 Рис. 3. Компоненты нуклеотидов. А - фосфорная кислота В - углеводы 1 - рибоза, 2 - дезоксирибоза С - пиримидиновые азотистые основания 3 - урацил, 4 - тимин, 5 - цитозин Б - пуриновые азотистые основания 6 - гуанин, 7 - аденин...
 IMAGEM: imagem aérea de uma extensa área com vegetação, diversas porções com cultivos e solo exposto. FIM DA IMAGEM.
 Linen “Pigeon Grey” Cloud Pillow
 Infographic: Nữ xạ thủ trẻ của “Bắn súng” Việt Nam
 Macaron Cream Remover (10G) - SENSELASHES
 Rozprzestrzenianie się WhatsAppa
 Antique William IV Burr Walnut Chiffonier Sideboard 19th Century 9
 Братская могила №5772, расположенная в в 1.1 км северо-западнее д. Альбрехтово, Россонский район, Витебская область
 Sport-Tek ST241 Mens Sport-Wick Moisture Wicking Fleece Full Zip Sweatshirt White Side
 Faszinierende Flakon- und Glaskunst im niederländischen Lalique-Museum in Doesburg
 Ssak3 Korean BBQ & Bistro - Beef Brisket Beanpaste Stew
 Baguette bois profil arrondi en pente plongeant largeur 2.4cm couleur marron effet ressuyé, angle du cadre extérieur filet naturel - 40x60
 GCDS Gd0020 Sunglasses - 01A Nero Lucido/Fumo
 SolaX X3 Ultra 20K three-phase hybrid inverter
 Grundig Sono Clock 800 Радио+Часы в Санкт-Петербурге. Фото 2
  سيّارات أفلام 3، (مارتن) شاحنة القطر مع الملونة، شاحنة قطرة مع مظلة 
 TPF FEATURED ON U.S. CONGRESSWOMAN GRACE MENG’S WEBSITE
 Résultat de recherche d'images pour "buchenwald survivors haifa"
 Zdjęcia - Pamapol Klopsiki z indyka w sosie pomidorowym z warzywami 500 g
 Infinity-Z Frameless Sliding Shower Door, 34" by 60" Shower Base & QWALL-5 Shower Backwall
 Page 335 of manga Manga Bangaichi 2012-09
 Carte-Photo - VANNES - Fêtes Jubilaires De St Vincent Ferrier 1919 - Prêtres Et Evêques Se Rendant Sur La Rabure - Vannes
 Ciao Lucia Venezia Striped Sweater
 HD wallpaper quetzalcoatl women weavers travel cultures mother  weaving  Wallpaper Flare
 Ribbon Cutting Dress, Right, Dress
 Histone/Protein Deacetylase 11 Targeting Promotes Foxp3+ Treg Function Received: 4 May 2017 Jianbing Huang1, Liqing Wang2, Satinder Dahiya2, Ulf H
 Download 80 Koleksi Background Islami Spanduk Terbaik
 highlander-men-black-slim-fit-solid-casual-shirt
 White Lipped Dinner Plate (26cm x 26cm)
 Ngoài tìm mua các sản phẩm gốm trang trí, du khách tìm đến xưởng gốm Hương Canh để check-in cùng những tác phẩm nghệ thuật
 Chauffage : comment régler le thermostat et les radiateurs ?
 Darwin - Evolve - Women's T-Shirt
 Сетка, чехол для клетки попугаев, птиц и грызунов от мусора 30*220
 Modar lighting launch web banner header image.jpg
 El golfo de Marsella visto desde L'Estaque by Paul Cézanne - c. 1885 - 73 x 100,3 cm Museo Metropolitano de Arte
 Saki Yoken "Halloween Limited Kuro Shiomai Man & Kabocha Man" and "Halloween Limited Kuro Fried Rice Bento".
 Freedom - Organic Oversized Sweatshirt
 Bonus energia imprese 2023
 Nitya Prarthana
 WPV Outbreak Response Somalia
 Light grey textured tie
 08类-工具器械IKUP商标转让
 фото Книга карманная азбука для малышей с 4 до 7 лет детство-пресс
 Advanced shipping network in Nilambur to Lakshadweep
——
Report how many lines of the records above contain the word "White", giving only the number.

2